Table 2 Final list of items ranked by level; corresponding definitions are also included

From: Consensus on measurement properties and feasibility of performance tests for the exercise and sport sciences: a Delphi study

 

Item

Definition

Level 1

Re-test reliability

The consistency of performers(s) results over repeated rounds of testing conducted over a period of typically days or weeks.

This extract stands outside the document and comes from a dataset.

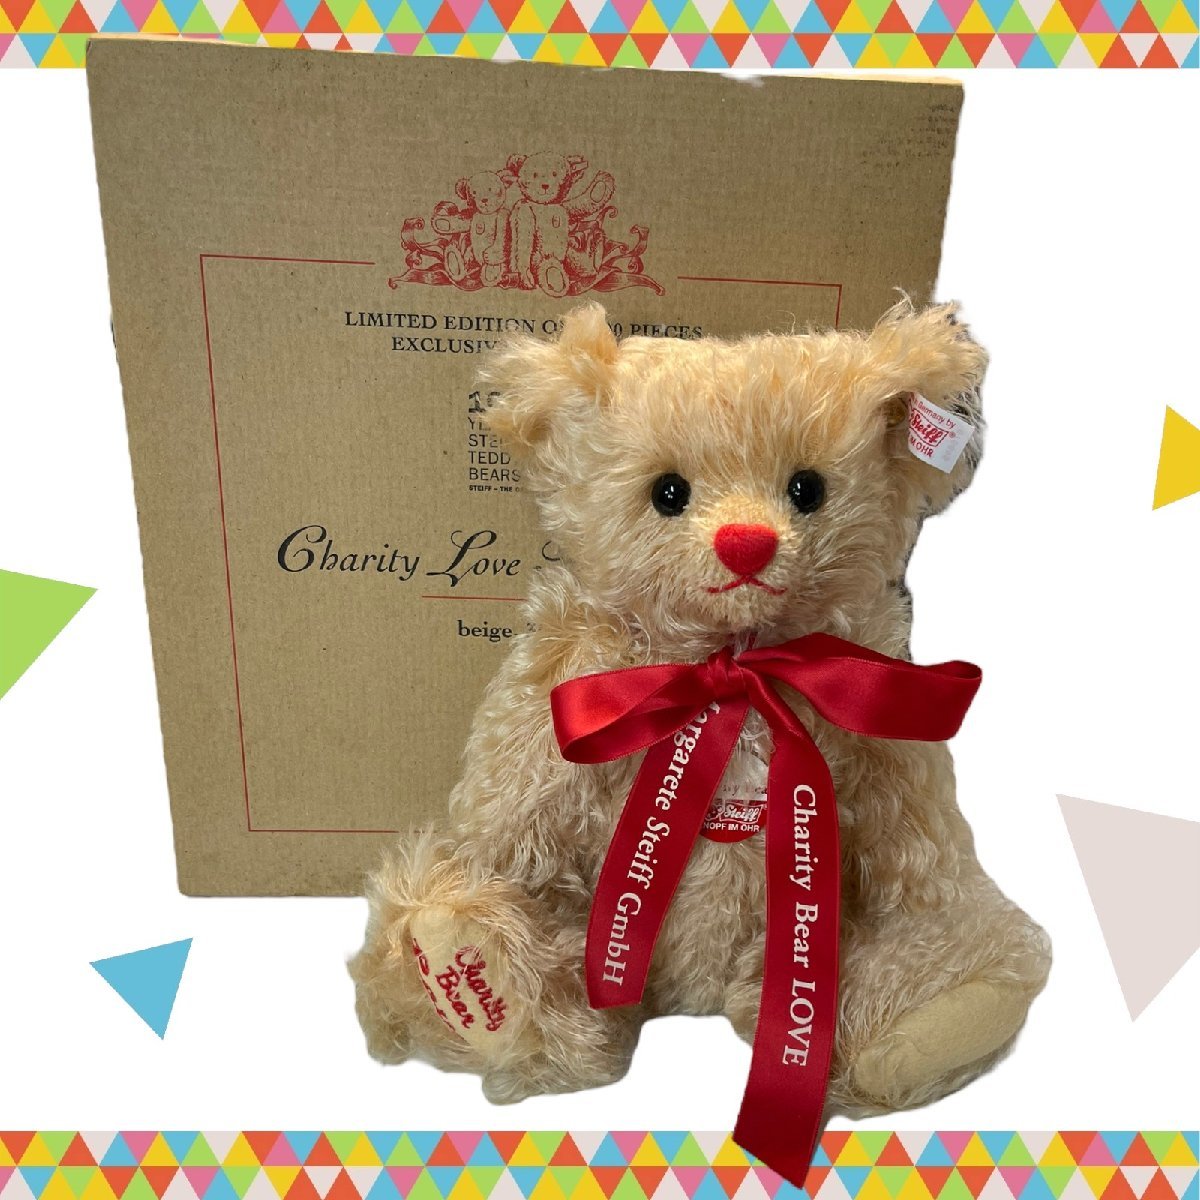 【中古品】 シュタイフ Charity Love Teddy Bear チャリティ・ラブ・テディベア ぬいぐるみ 赤リボン くま 箱有 J48342RB
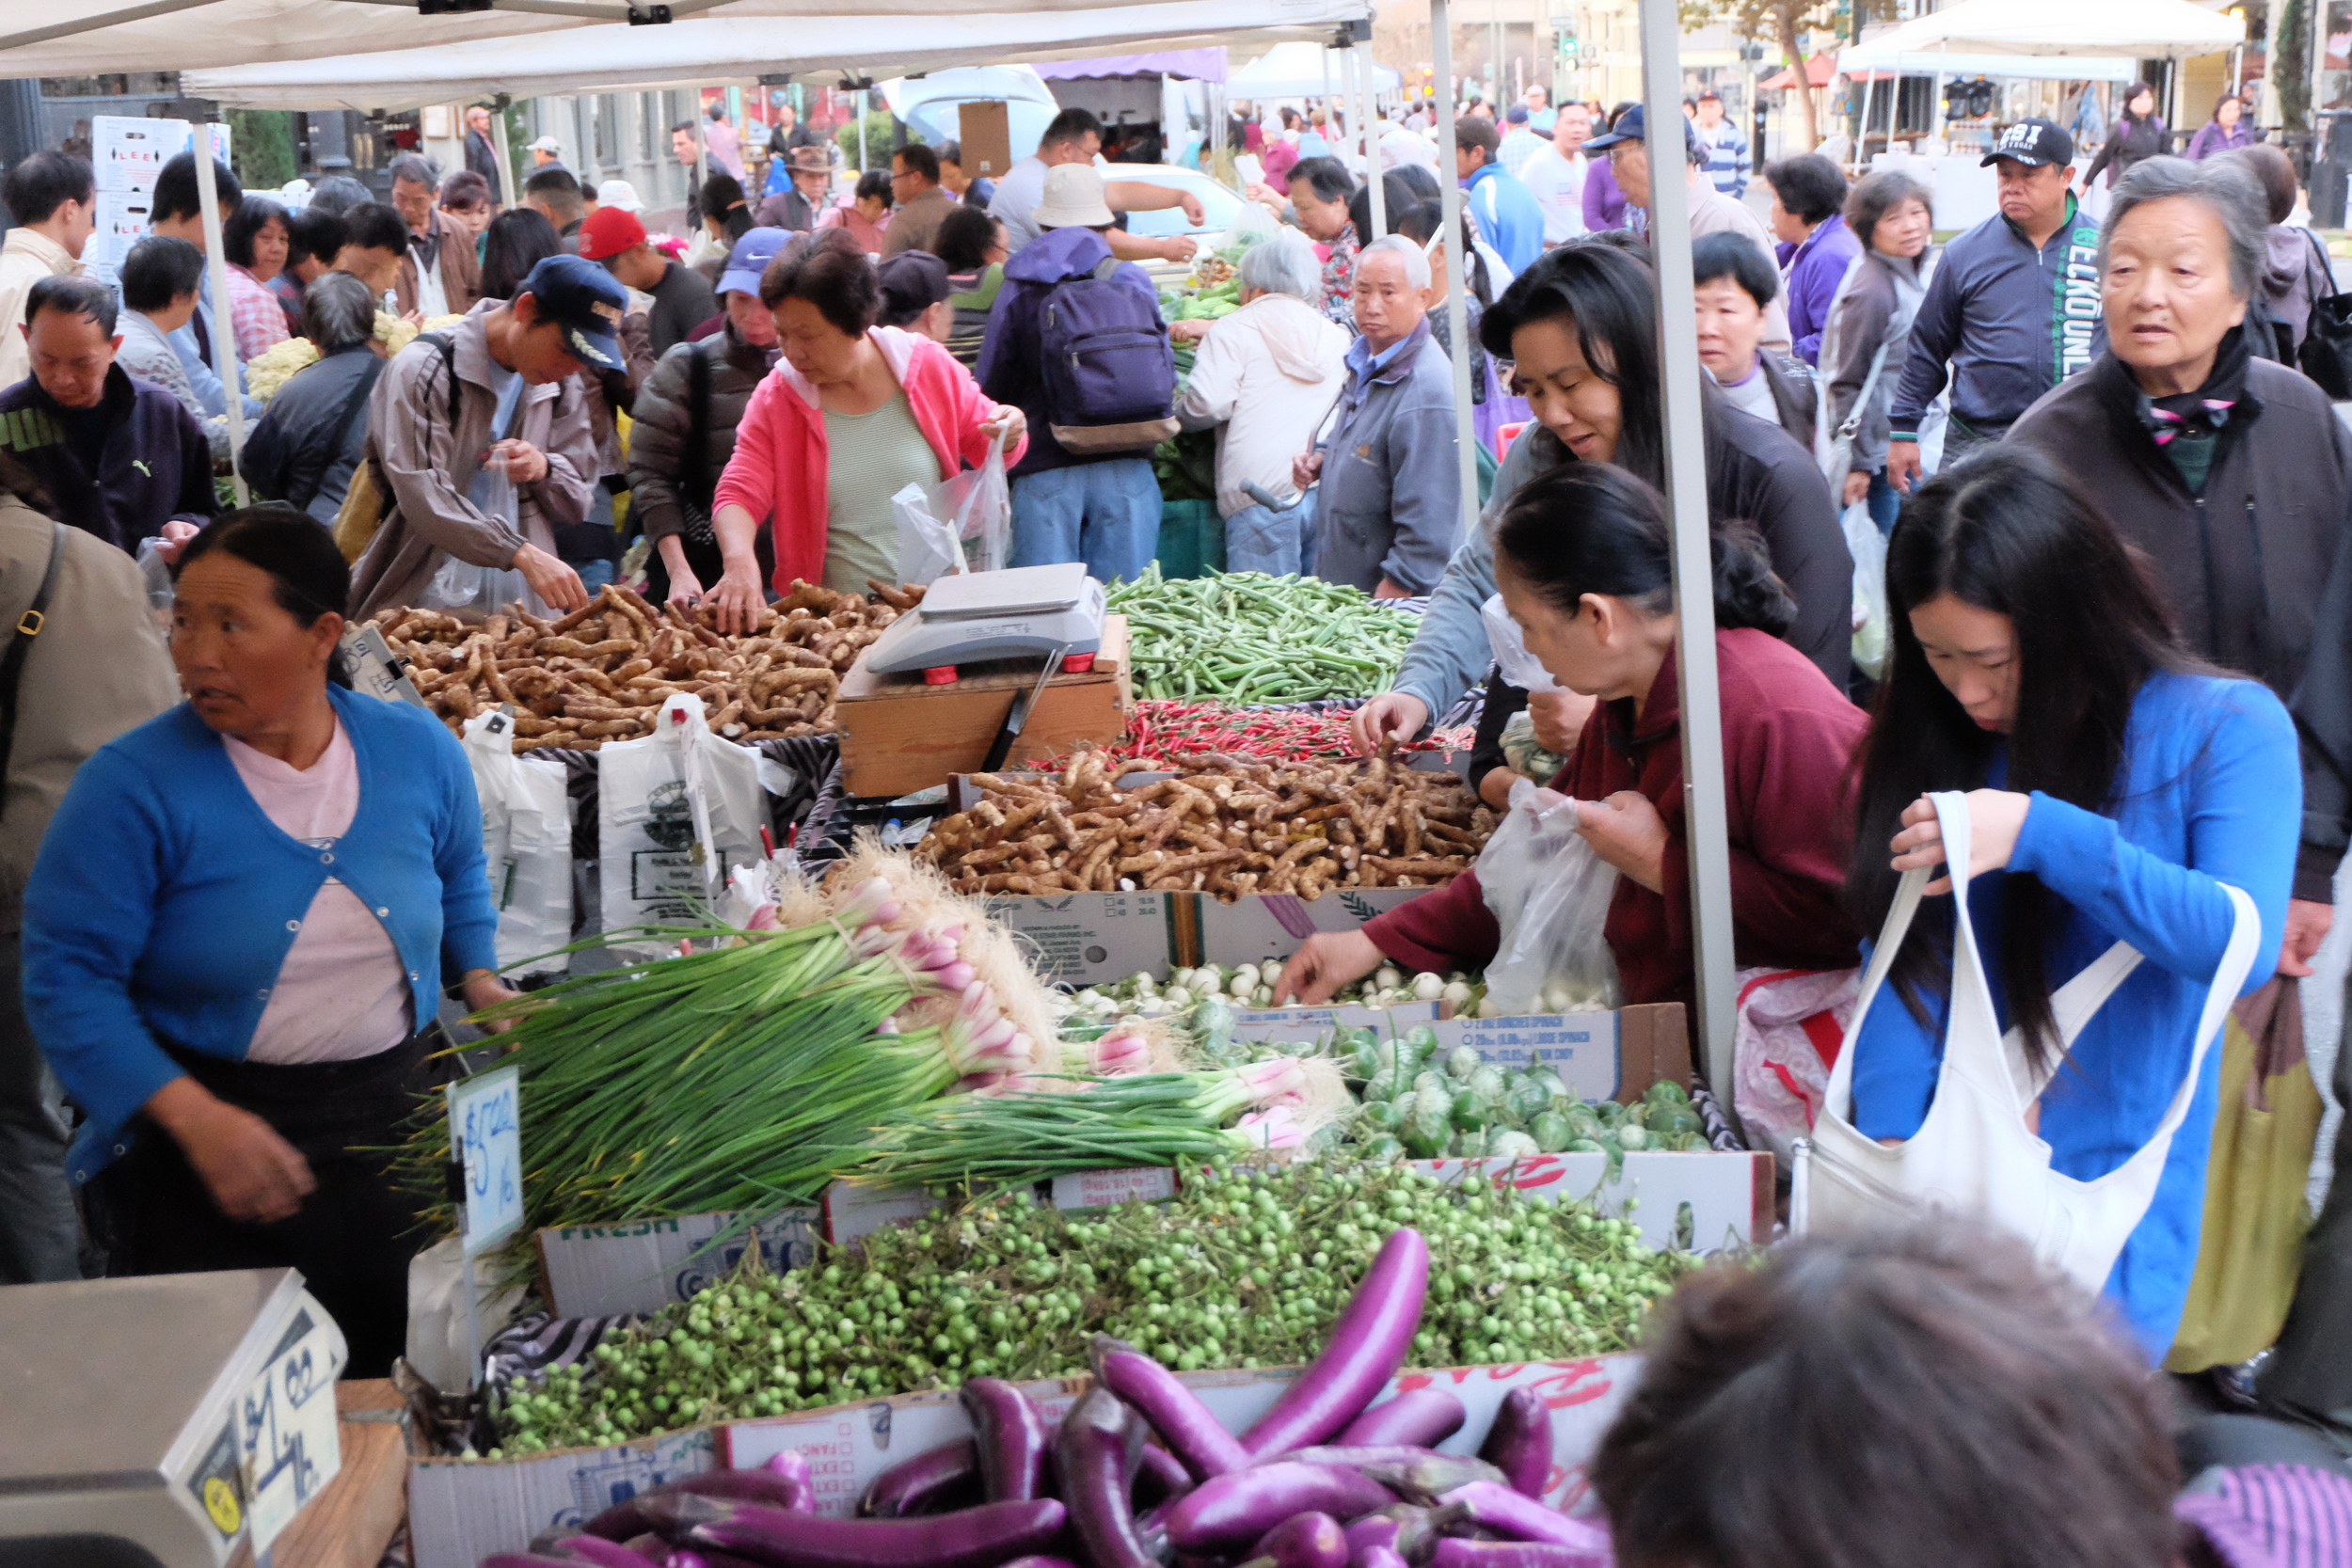 The Best Farmers Markets in Oakland, CA

This represents the change in a participant’s results between repeated tests due to both systematic and random error, rather than true changes in performance [27, 36, 46]

 

Intra-rater

The agreement (consistency) among two or more trials administered or scored by the same rater [4, 47]

 

Inter-rater

The level of agreement (consistency) between assessments of the same performance when undertaken by two or more raters [4, 46, 47]

 

Content validity

How well a specific test measures that which it intends to measure [4, 27]

 

Discriminant validity

The extent to which results from a test relate to results on another test which measures a different construct (i.e., the ability to discriminate between dissimilar constructs) [42, 48, 49]

 

Responsiveness/sensitivity to change

The ability of a test to detect worthwhile and ‘real’ improvements over time (e.g., between an initial bout of testing and subsequent rounds) [42, 50–54]

 

MID/SWC

The smallest change or difference in a test result that is considered practically meaningful or important [55–58]

 

Interpretability

The degree to which practical meaning can be assigned to a test result or change in result [25, 28]

 

Familiarity required

The need to undertake a test familiarisation session with all participants prior to main testing in order to reduce or eliminate learning or reactivity effects [4]

 

Duration

Expected and/or actual duration of the testing protocol [59, 60]

Level 2

Stability

The consistency of performer(s) results over repeated rounds of testing conducted over a period of months or years [40, 42, 61, 62]

 

Internal consistency

The degree of inter-relatedness among test components that intend to measure the same construct/characteristic [28]

 

Convergent validity

The extent to which results from tests that theoretically should be related to each other are, in fact, related to each other [42, 49]

 

Concurrent validity

The extent to which the test relates to an alternate, previously validated measure of the same construct administered at the same time [42, 63]

 

Predictive validity

The extent to which the test relates to a previously validated measure of a theoretically similar construct, administered at a future point in time [42, 63]

 

Floor and ceiling effects

The ability of a test to distinguish between individuals at the lower and upper extremities of performance (i.e., ability to distinguish between high results (ceiling effect) and low results (floor effect)) [28, 64]

 

Scoring complexity

The ease with which a test can be conducted and scored in a practical setting by the test administrator [65, 66]

 

Completion complexity

The ease with which a test can be completed by a participant [65–67]

 

Cost

The total amount of resources required for test administration including equipment, time, and administrator expertise/experience [25]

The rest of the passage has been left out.